These WEBrick tests were just the pre-game, getting some baseline numbers.
Heroku used to recommend thin, I think? Let's see how thin does. No heroku
Procfile, heroku will just pick up and use thin under default arguments when we've added it to the
Gemfile. Under these default arguments, thin won't do multi-threaded request dispatch either....
$ ab -n 500 -c 10 http://sleepy-stream-3236.herokuapp.com/fake_work Concurrency Level: 10 Time taken for tests: 152.551544 seconds Complete requests: 500 Failed requests: 0 Write errors: 0 Total transferred: 10234069 bytes HTML transferred: 10045500 bytes Requests per second: 3.28 [#/sec] (mean) Time per request: 3051.031 [ms] (mean) Time per request: 305.103 [ms] (mean, across all concurrent requests) Transfer rate: 65.51 [Kbytes/sec] received Connection Times (ms) min mean[+/-sd] median max Connect: 6 6 0.4 6 8 Processing: 919 3030 121.7 3036 3675 Waiting: 332 3008 179.9 3027 3657 Total: 926 3036 121.6 3042 3681 Percentage of the requests served within a certain time (ms) 50% 3042 66% 3048 75% 3054 80% 3059 90% 3098 95% 3133 98% 3156 99% 3170 100% 3681 (longest request)

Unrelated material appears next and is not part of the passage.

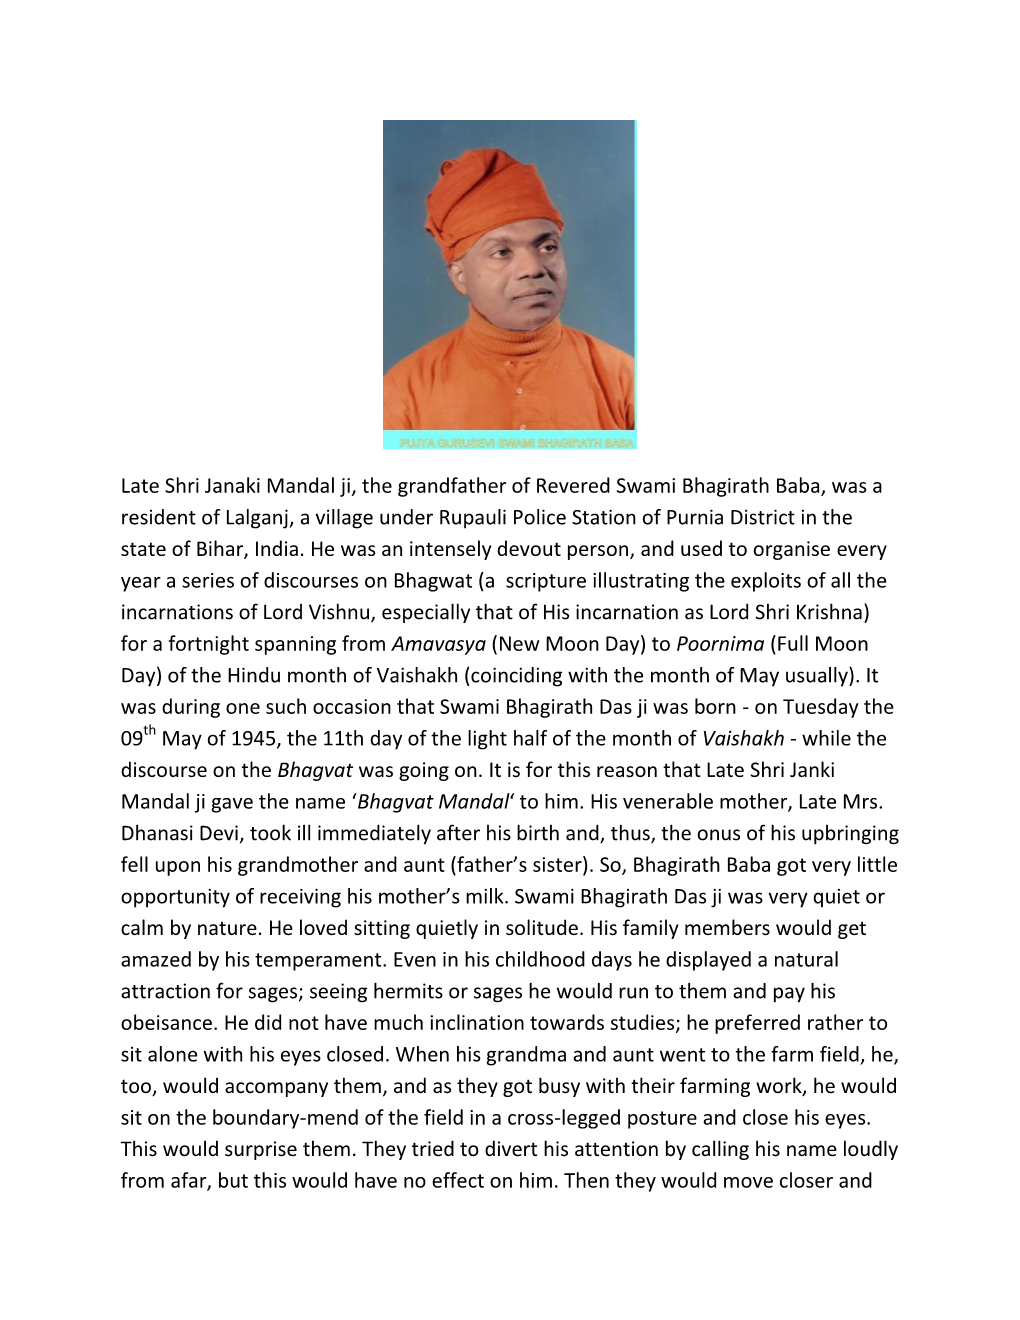 Late Shri Janaki Mandal Ji, the Grandfather of Revered Swami

Well, it's consistent, we can say that for it, it's successfully evening out the response times. longest request isn't that much longer than median.
Each one is around 10x the single request time -- which makes a certain sense, cause we've sent 10 concurrent requests at a time against a server that can only handle one-by-one serially. If our app was cpu-bound, this would make perfect sense, and maybe even be considered a feature to keep response times so even under load (this consistency is what I'd expect, but am not getting, from multi-threaded solutions below). But our app isn't cpu bound, so i'm not quite sure what leads to this kind of performance.
Apart from explanations, as far as actual use would be concerned -- yeah, this is pretty bad performance characteristics compared to our other options, for this mock demo app anyway.
Not interested: thin with an evented web app
Thin is really made for another concurrency mode, 'evented'. If our simulated I/O with 'sleep' used an EventMachine loop to implement its sleep instead, I'd predict thin would shine.
But that's the thing, to apply the evented concurrency model at the application level though, to make our Rails app actually benefit from it in these terms -- it requires every part of the app that deals with I/O to be written specially. Not just the actual HTTP client/server interactions, but database queries, third party API's, etc. For instance using alternate versions of various gems, which can go wrong in novel and unfamiliar ways. I don't consider this feasible for a Rails app, and think that's why despite some attention over the last few years, it hasn't caught on much for Rails apps, and some have changed their minds about its general utility. I am not interested in it. It's a non-starter for me. (But others have disagreed; feel free to benchmark it yourself if you like!)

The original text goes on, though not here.